We reran the same analysis with MOFA+ and clustered the data by specifying the number of clusters (k parameter) to 10 and using all the latent factors from MOFA + . Using CELLiD, we identified 10 cell types, namely CD14 monocyte, CD16 NK cell, Cycling T/NK cell, Dendritic cell, MAIT cell, Megakaryocyte, Memory CD4 T cell, Naïve B cell, Naïve CD4 T cell, and pDC. We again visualized the marker genes such as MS4A1 for B cells and CD4 for CD4 T cells in both RNA and ADT assays to verify the cell type annotations (Fig. 6).

ezSingleCell’s scATAC-Seq module performs scATAC-seq data analysis and integration

In this final demonstration, we employed ezSingleCell to process an scATAC-seq dataset of 10k PBMCs from a healthy donor (Fig. 7A). The output from Cell Ranger ATAC was downloaded from 10x Genomics (Supplementary Table 3; Supplementary Dataset 1). For quality control, the user can compute metrics such as nucleosome banding pattern, transcriptional start site (TSS) enrichment score, total number of fragments in peaks, and ratio reads in genomic blacklist regions (Fig. 7B). We first normalized the data using Term Frequency-Inverse Document Frequency (TF-IDF) normalization, followed by feature selection and dimension reduction. Cell clustering was then performed using the first 10 PC dimensions with a k-nearest neighbor value of 10 and a Louvain clustering resolution of 0.6. The UMAP was then computed to visualize the 14 clusters found (Fig. 7C). We next performed differential peak analysis between clusters. The results were then visualized using violin plots, feature plots, and coverage plots (Fig. 7D, E). Users can also compute for differentially expressed peaks (DE peaks) between clusters using a wide range of statistical tests (Fig. 7G).

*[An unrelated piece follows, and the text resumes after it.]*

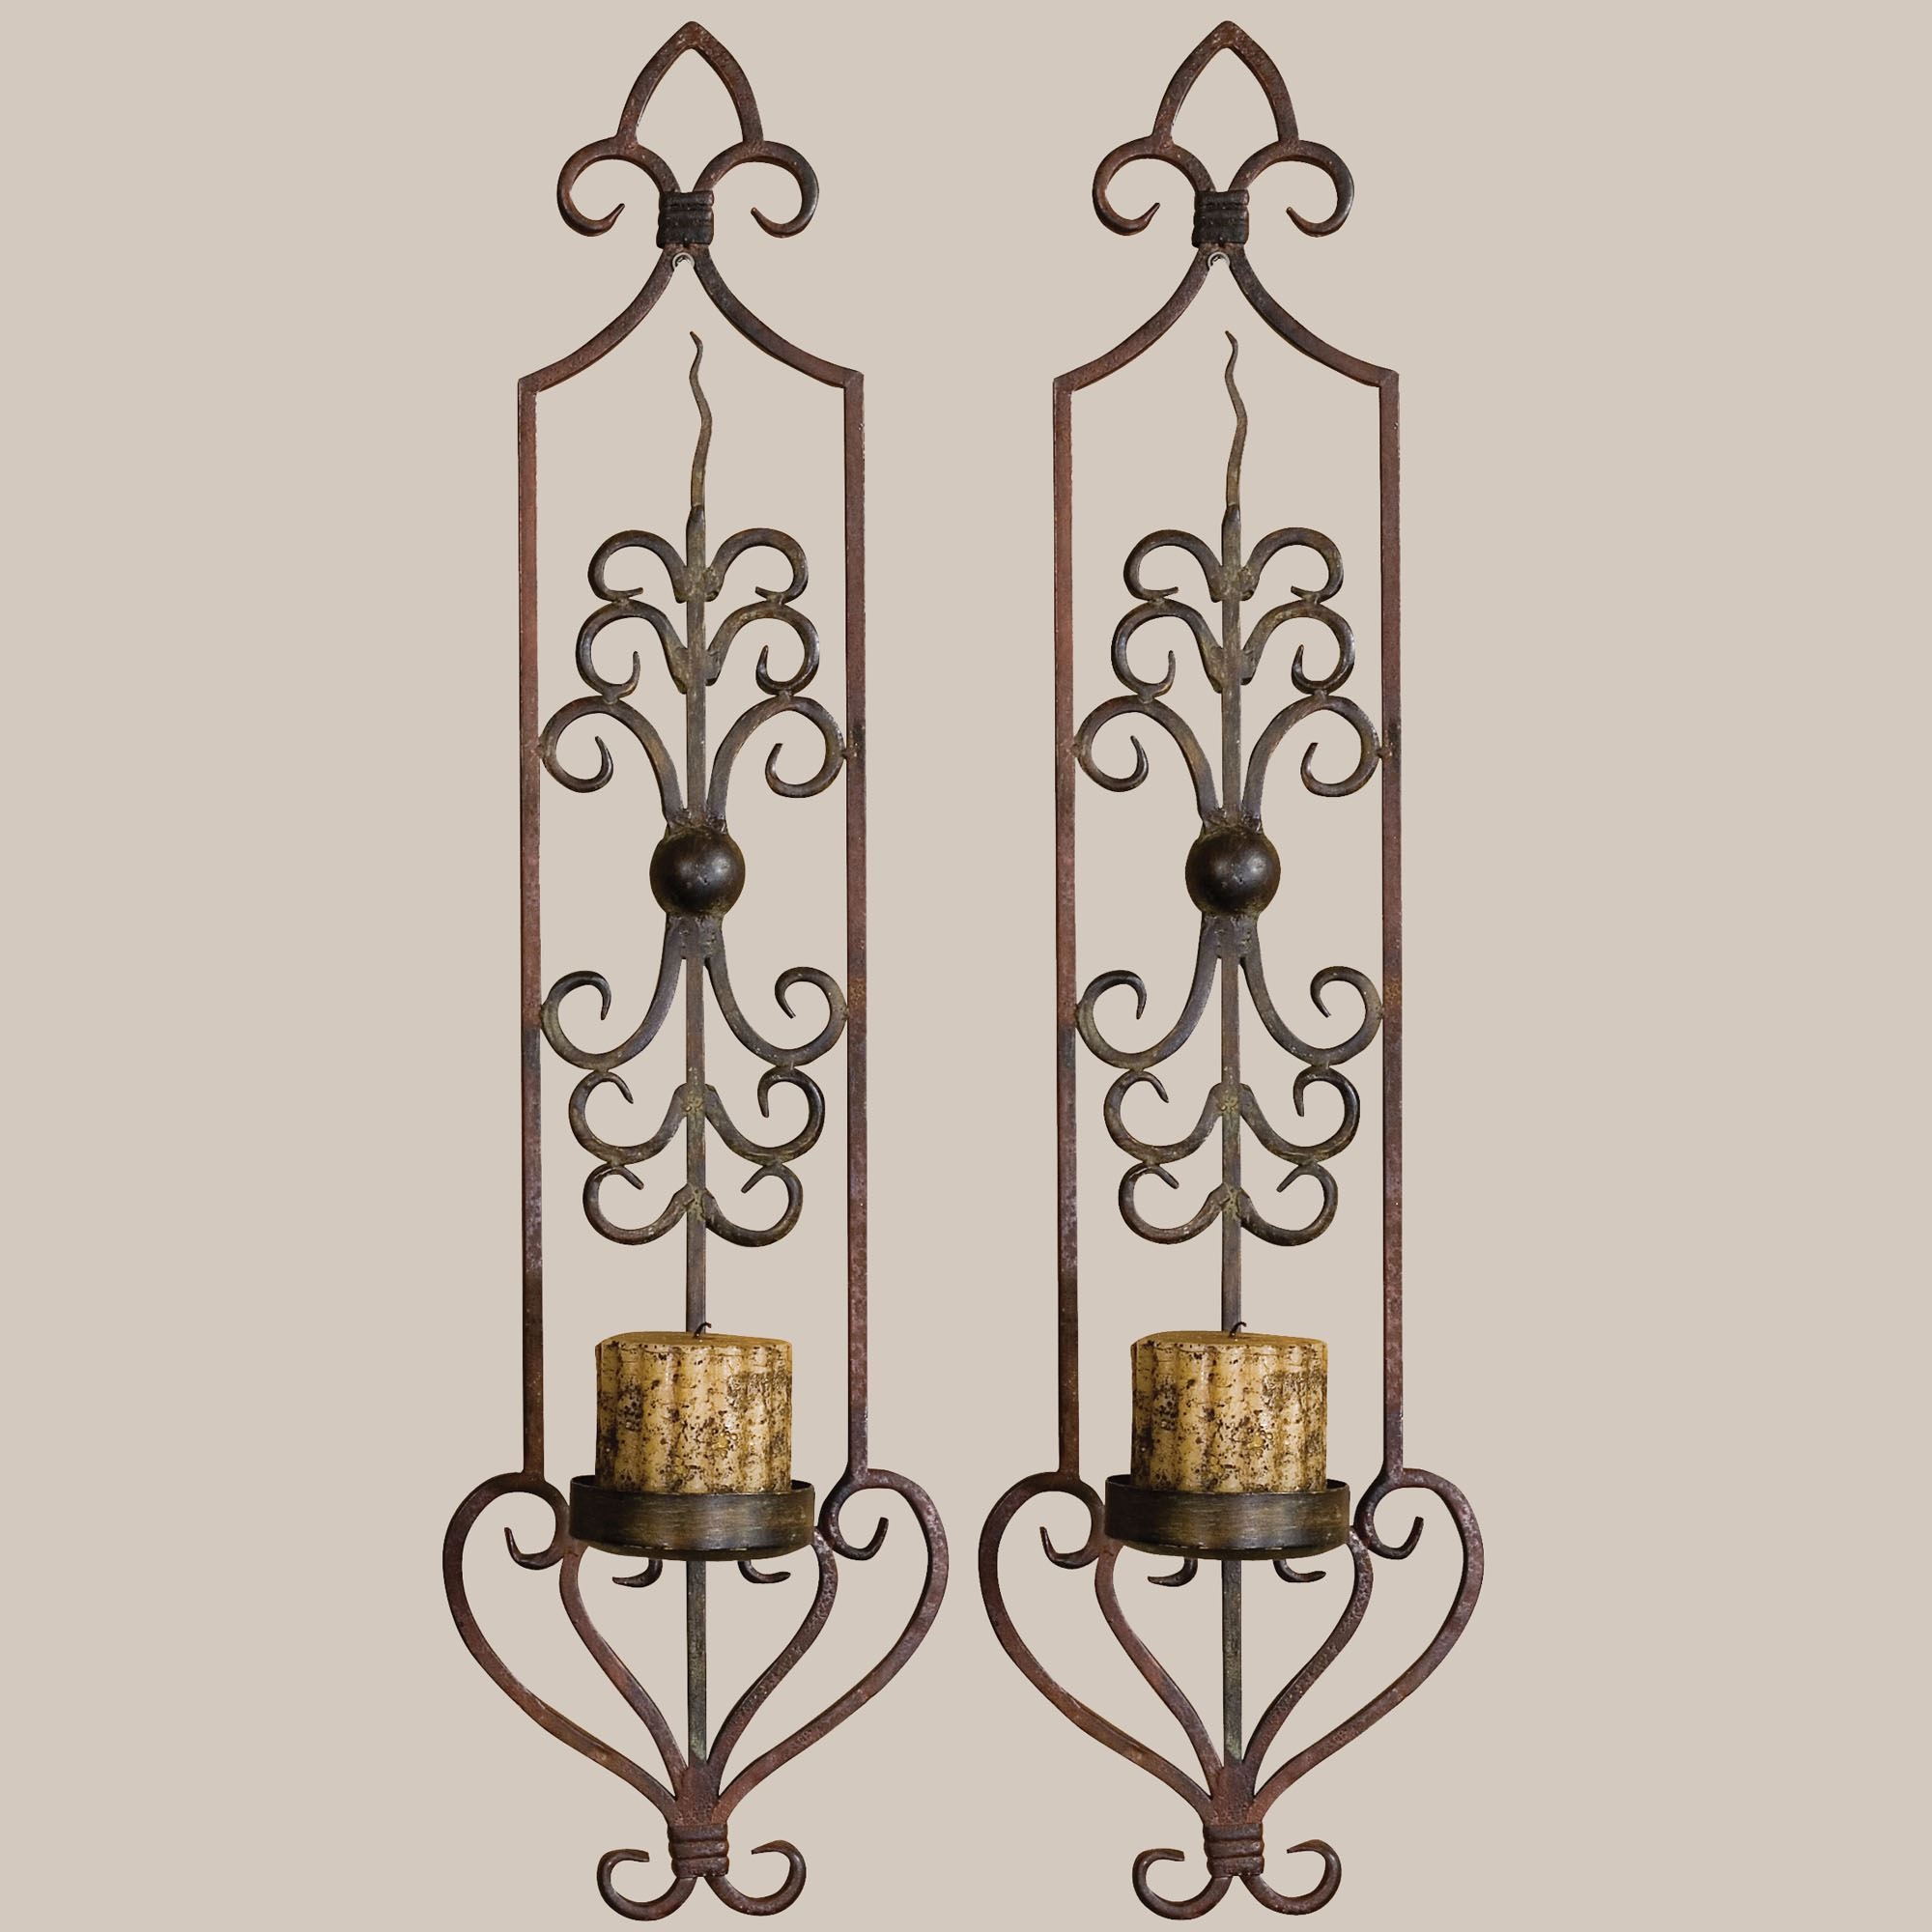 Tuscan wrought iron metal wall candle holder sconce set

Fig. 7: ezSingleCell scATAC-seq module.
figure 7

A Workflow of scATAC-seq analysis; (B) transcriptional start site (TSS) enrichment; (C) data clustering and dimension reduction; (D) data visualization; (E) coverage plot; (F) link peaks to genes; (G) differentially expressed peak (DE peak) analysis between clusters; (H) integration of scRNA-seq and scATAC-seq data for cell type identification. Here, we loaded a processed human PBMCs scRNA-seq dataset and identified 12 cell types in the scATAC-seq dataset through cell type label transfer; (I) gene set enrichment analysis (GSEA) of scATAC-seq data using the rGREAT and fgsea packages. We used the weighted Kolmogorov–Smirnov statistic for GSEA analysis. Source data is provided as a Source Data file.

ezSingleCell also offers inter-module operability between the scATAC-seq and scRNA-seq modules. Users can navigate to the scRNA-seq module, load, and process an scRNA-seq dataset, before returning to the scATAC-seq module to perform cell type label transfer for cell type annotation. In this example, we loaded a processed scRNA-seq dataset for human PBMCs and used it to identify 12 cell types in the scATAC-seq data, namely CD4 Naïve cell, CD4 Memory cell, CD8 Naïve cell, CD8 effector cell, Double negative T cell, NK cell, pre-B cell, B cell progenitor, pDC, Dendritic cell, CD14+ Monocytes, and CD16+ Monocytes (Fig. 7H).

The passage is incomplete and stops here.